#### Problem:
Pictures found in the material must be left out, and every line returned as written.

#### Available data:
+++++
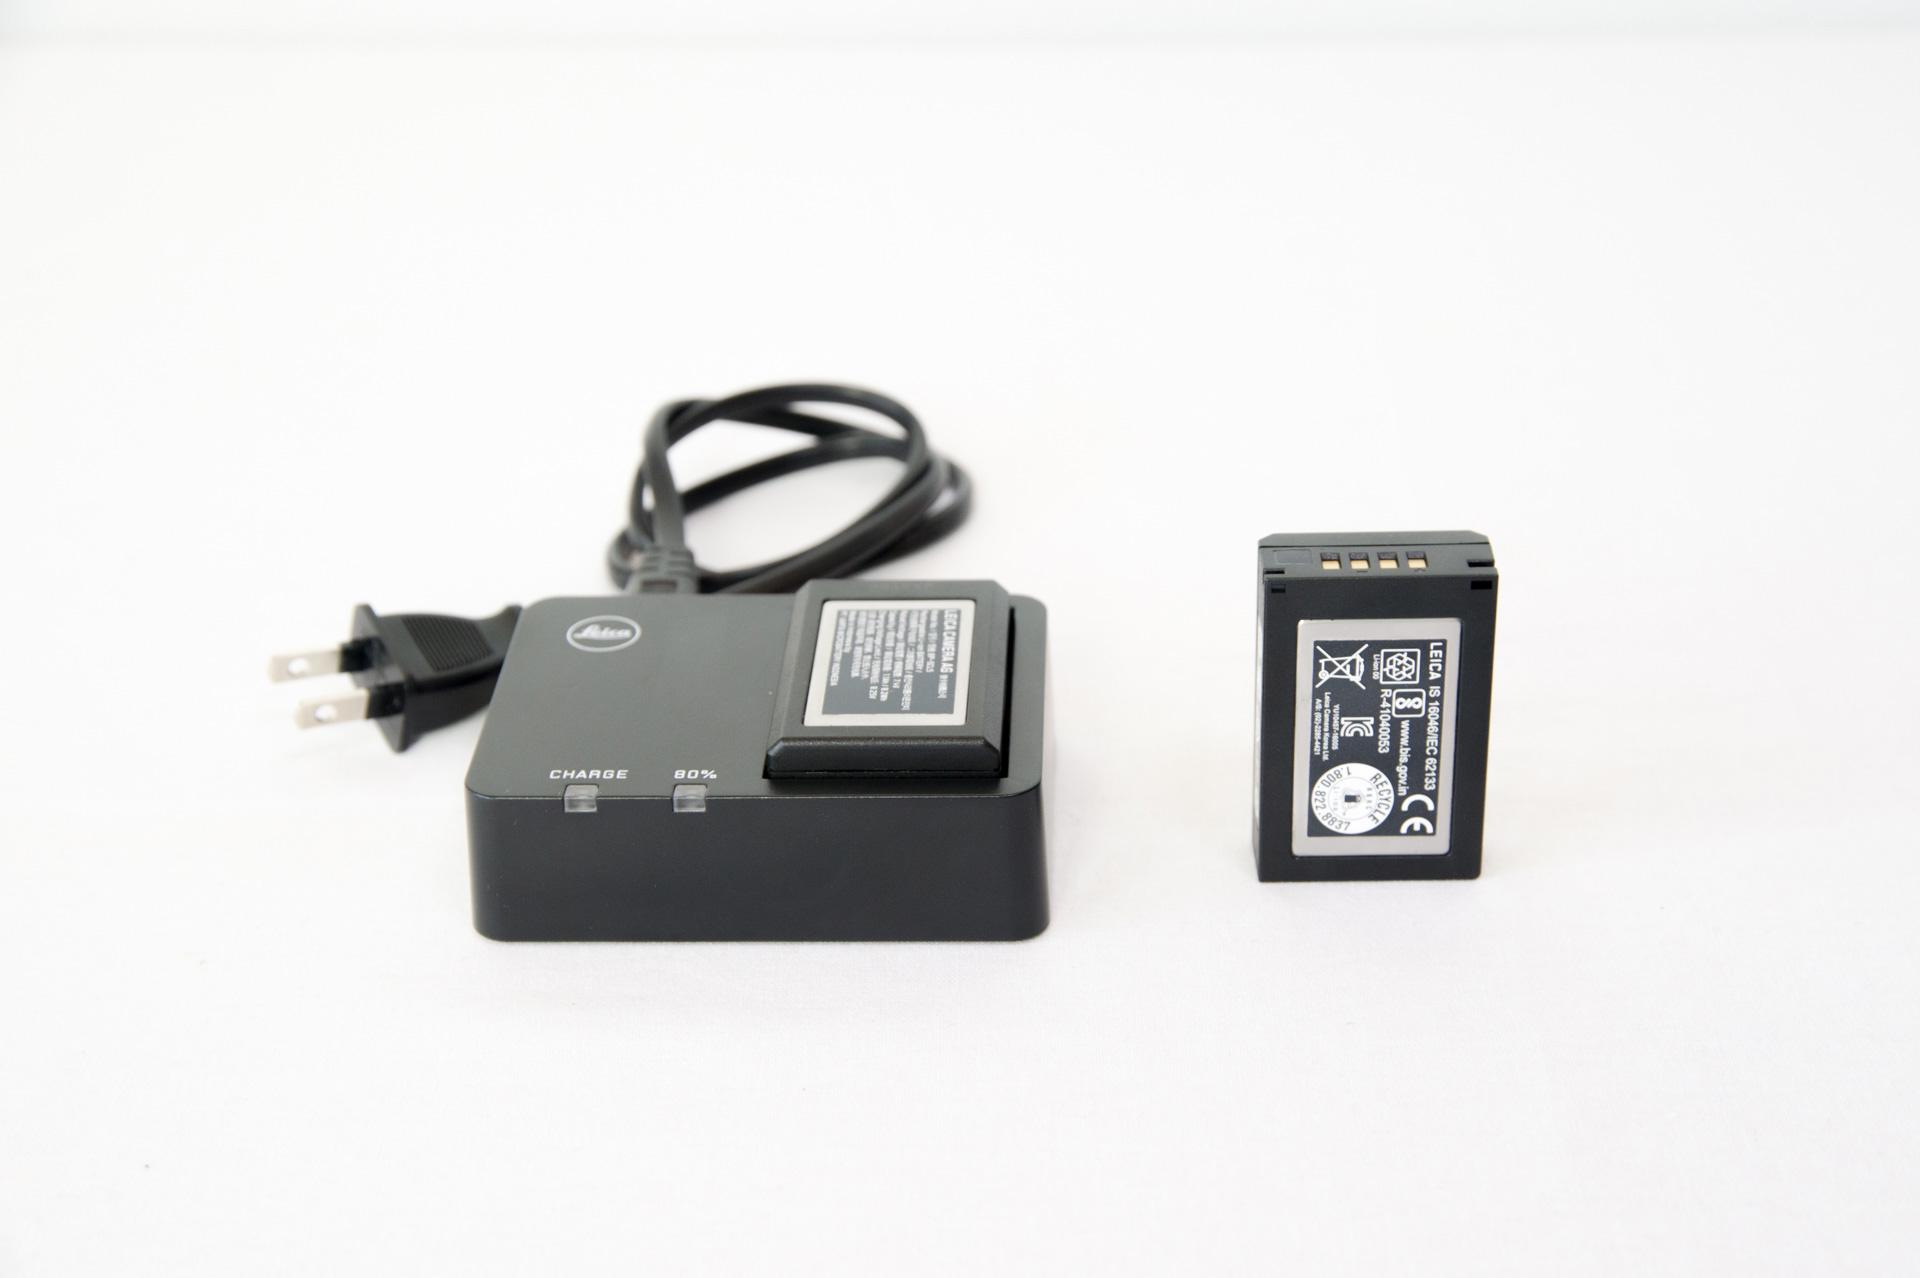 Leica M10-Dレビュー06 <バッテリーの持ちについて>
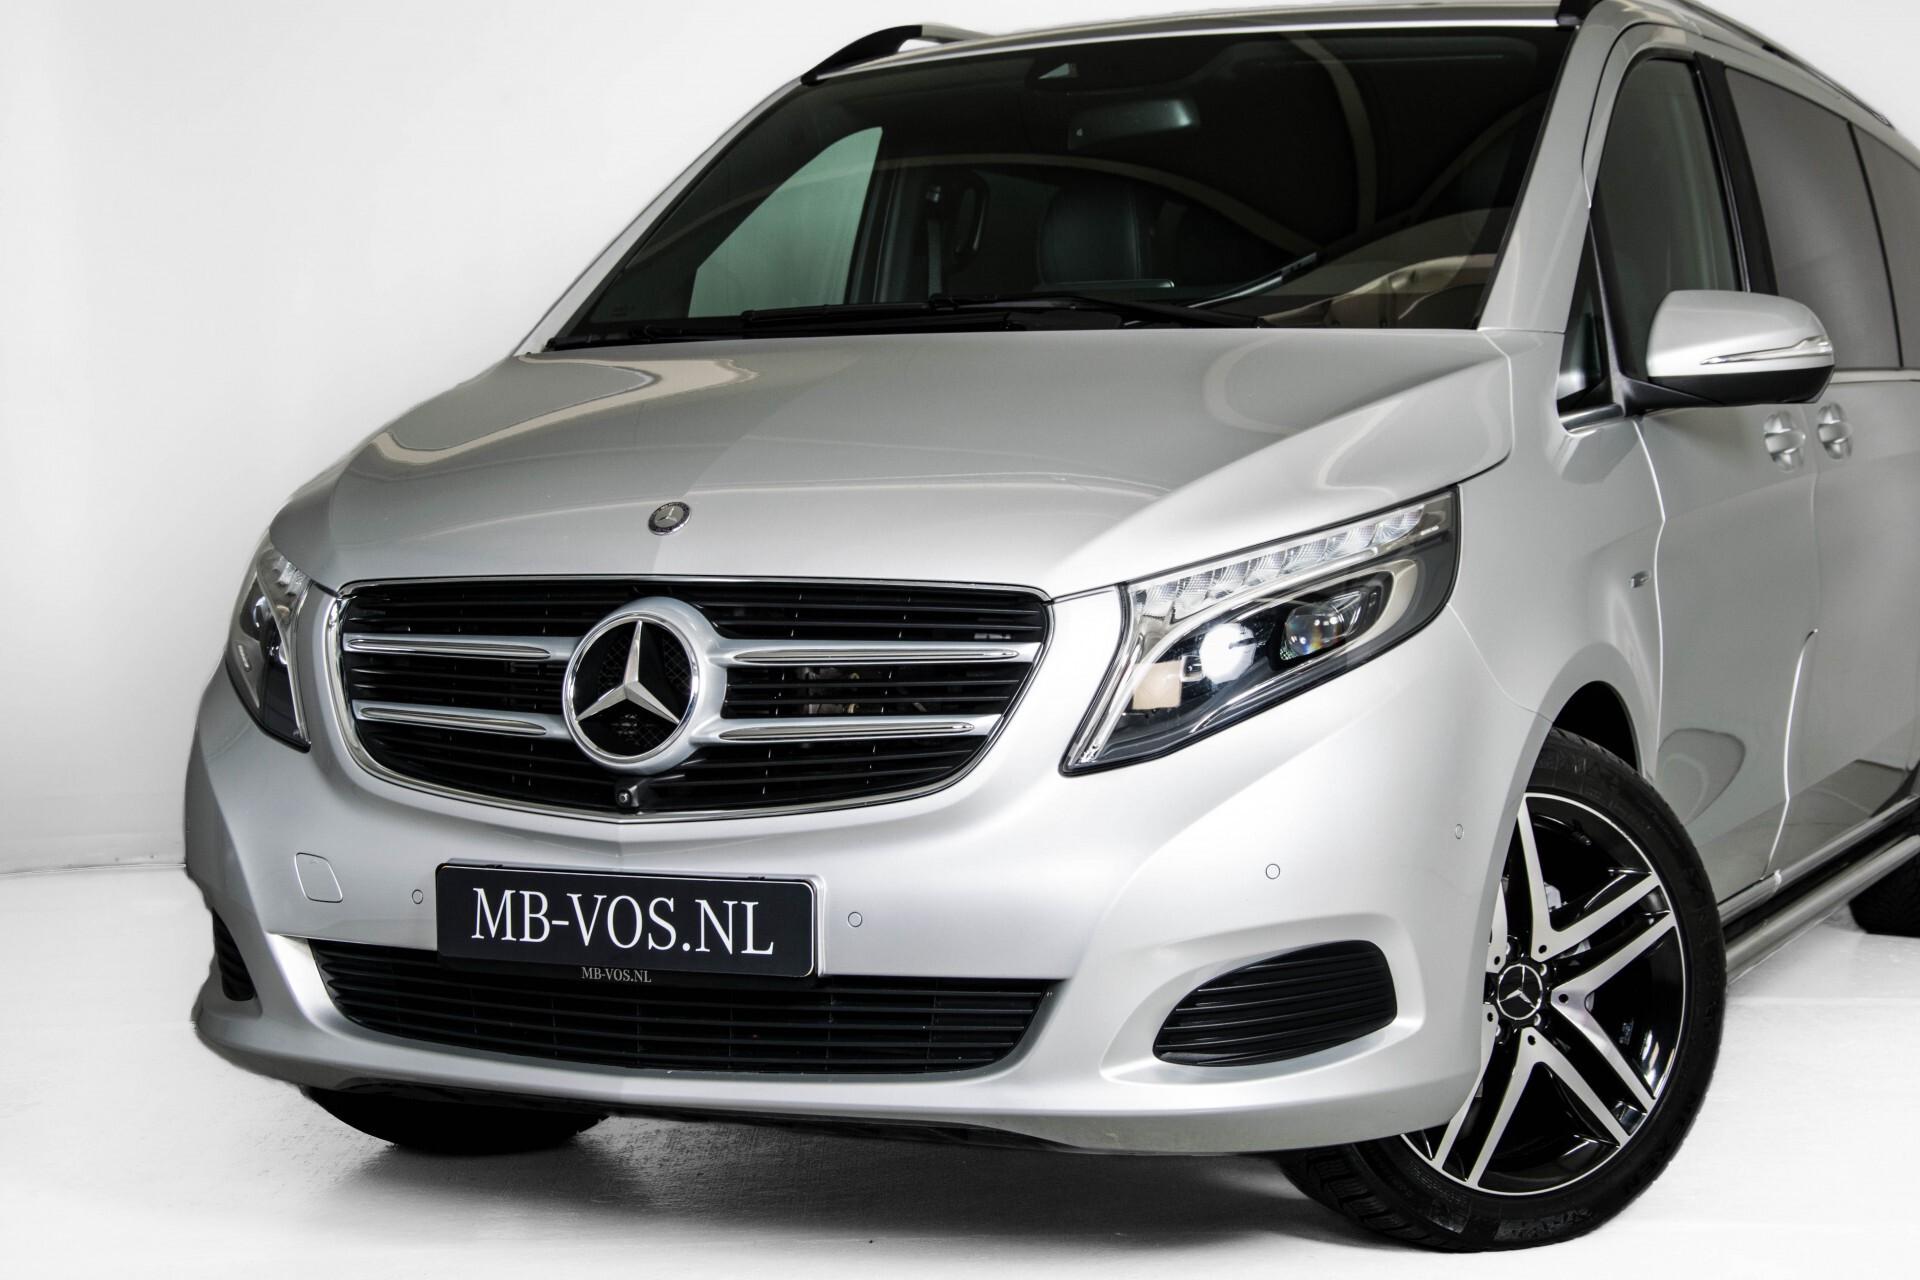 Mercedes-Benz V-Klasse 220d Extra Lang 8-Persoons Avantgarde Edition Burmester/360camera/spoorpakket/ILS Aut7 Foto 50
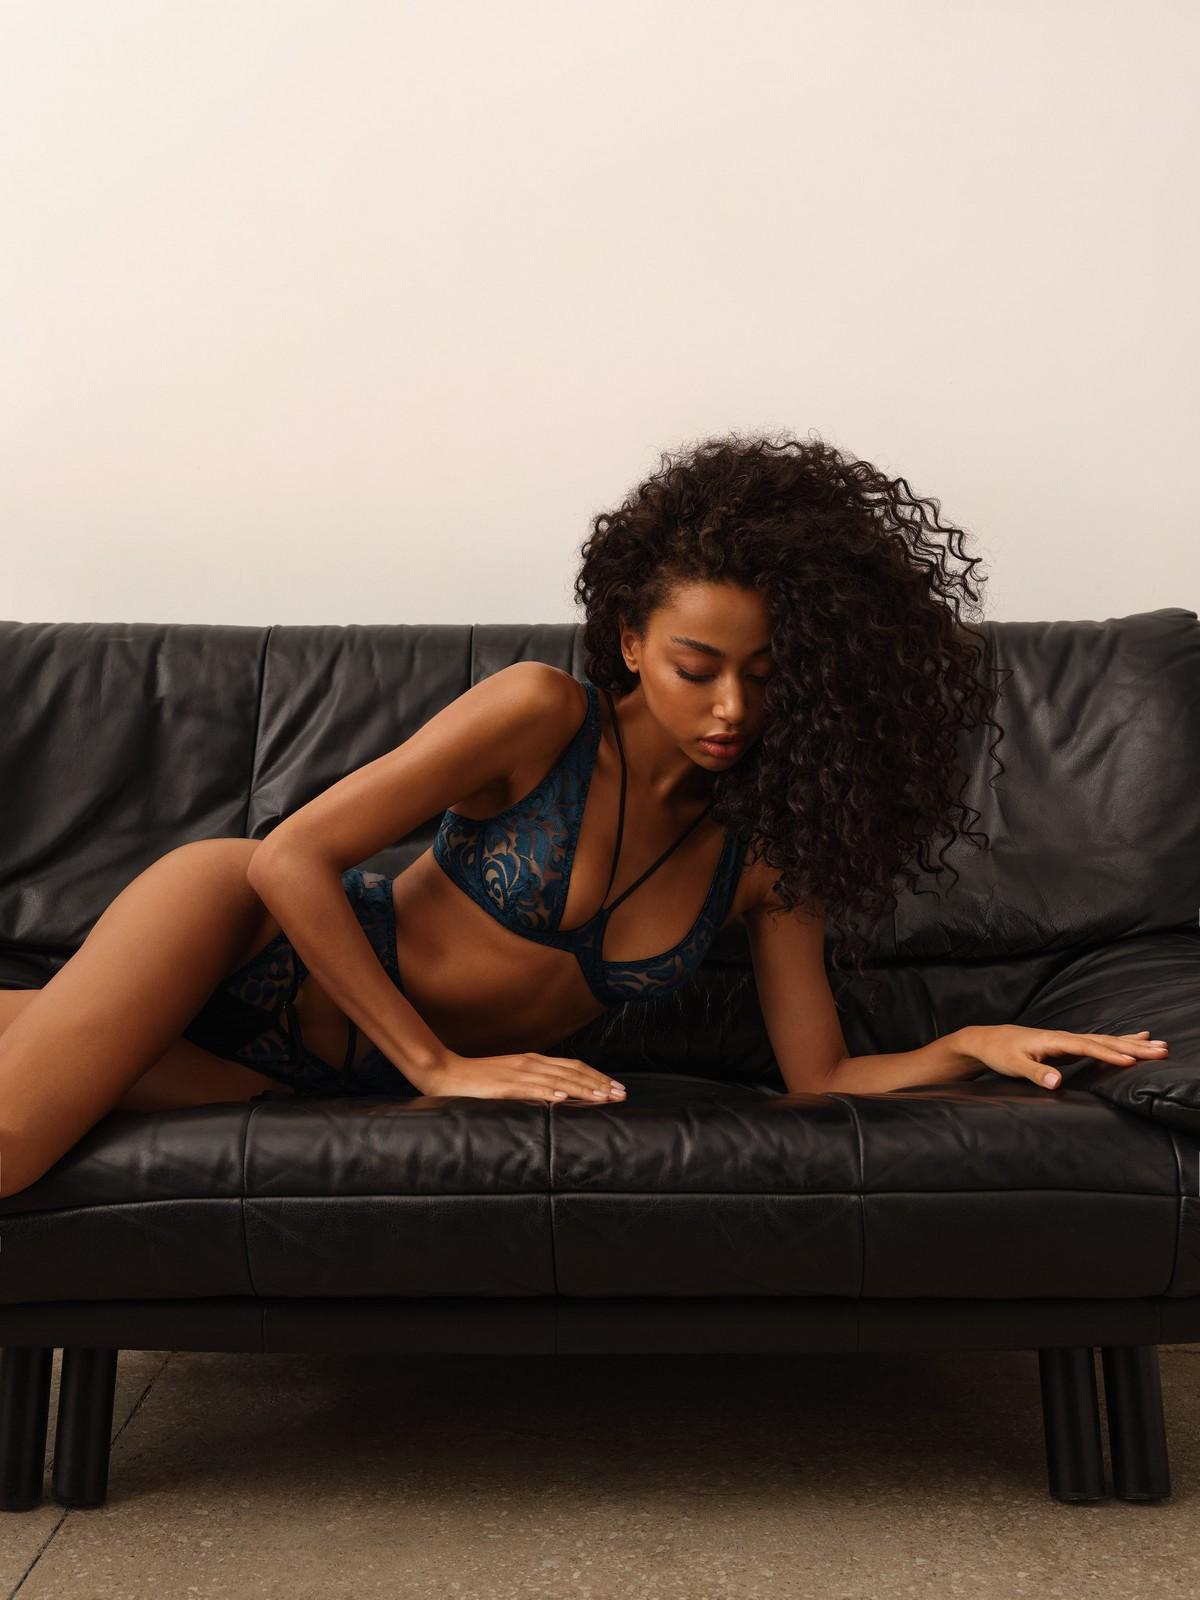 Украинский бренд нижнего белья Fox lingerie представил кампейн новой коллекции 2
+++++
#### Written solution:
 Leica M10-Dレビュー06 <バッテリーの持ちについて>
 Mercedes-Benz V-Klasse 220d Extra Lang 8-Persoons Avantgarde Edition Burmester/360camera/spoorpakket/ILS Aut7 Foto 50
 Украинский бренд нижнего белья Fox lingerie представил кампейн новой коллекции 2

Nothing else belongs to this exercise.